Resetting a clock from Earth’s rocks

A refinement in a widely used technique for determining the age of ancient rocks

opens up the possibility that Earth may have formed a crust as many as 200 million

years earlier than geologists thought.

Scientists can estimate the age of rocks by measuring the proportions of certain

radioactive isotopes in them. Most of these isotopes have a half-life–the amount

of time it takes for half of the unstable element to decay–between 100,000 and 1

trillion years, says Erik E. Scherer, a geochemist at Münster University in

Germany.

One of the isotopes that scientists find most useful for dating some of the oldest

rocks is lutetium-176. That form of the rare earth element decays into hafnium-176

and has a half-life of about 37 billion years. The ratio of hafnium-177–a

nonradioactive form of that element–to hafnium-176 gives scientists a way to

estimate the age of minerals that contain these isotopes. Zircon crystals, which

researchers have used to date Earth’s crust, are an example, Scherer notes.

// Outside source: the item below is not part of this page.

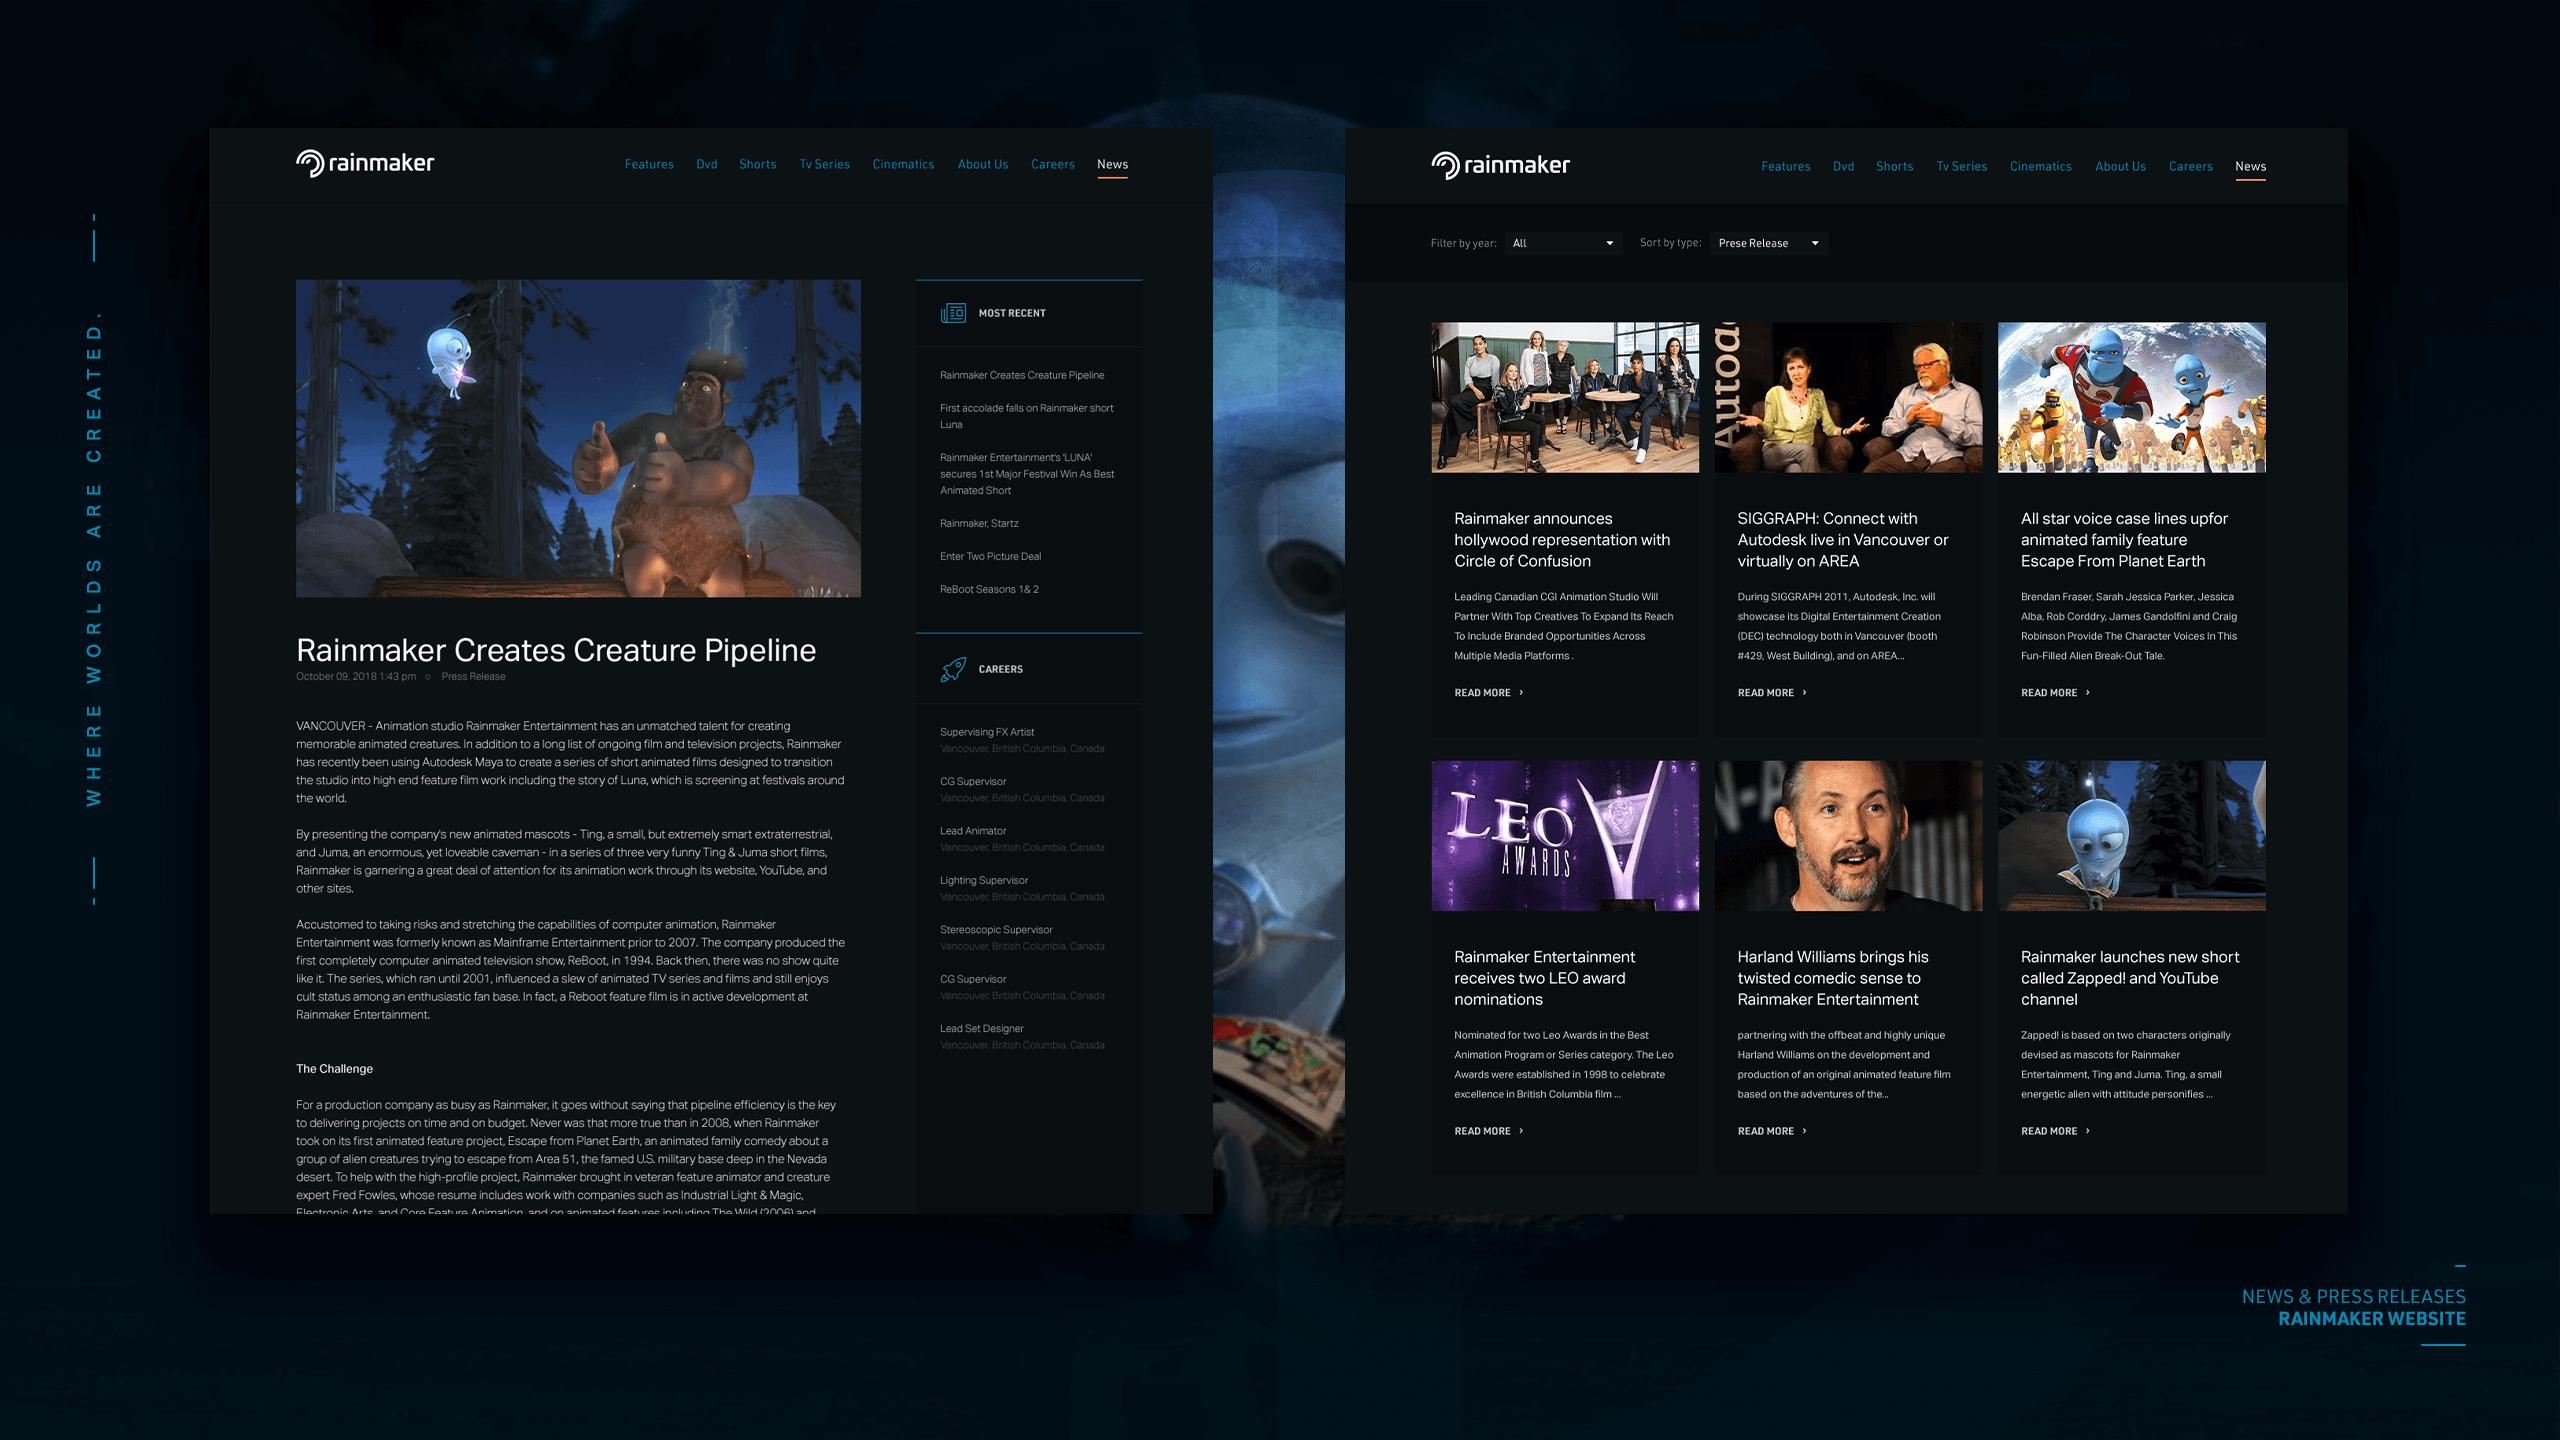 rainmaker-website-desktop-news

Since the early 1980s, scientists had thought that about 194 out of 10 trillion

lutetium-176 atoms decay each year. Better measurements have now reduced the

annual rate of decay to about 186 atoms out of 10 trillion. That means that rocks

scientists have dated using this technique are actually about 4 percent older than

previously thought.

The oldest known zircon crystals have a ratio of hafnium-177 to hafnium-176 that’s

lower than the planet’s overall average, Scherer says. Using the previous decay

rate for lutetium-176, researchers estimated those rocks to be 4.1 billion years

old. If scientists use the updated rate, that age goes up to 4.3 billion years.

In a commentary accompanying the report in the July 27 Science, Jan Kramers, a

geophysicist at Bern University in Switzerland, says that this refinement could

help fill in details of the era before Earth’s crust first solidified.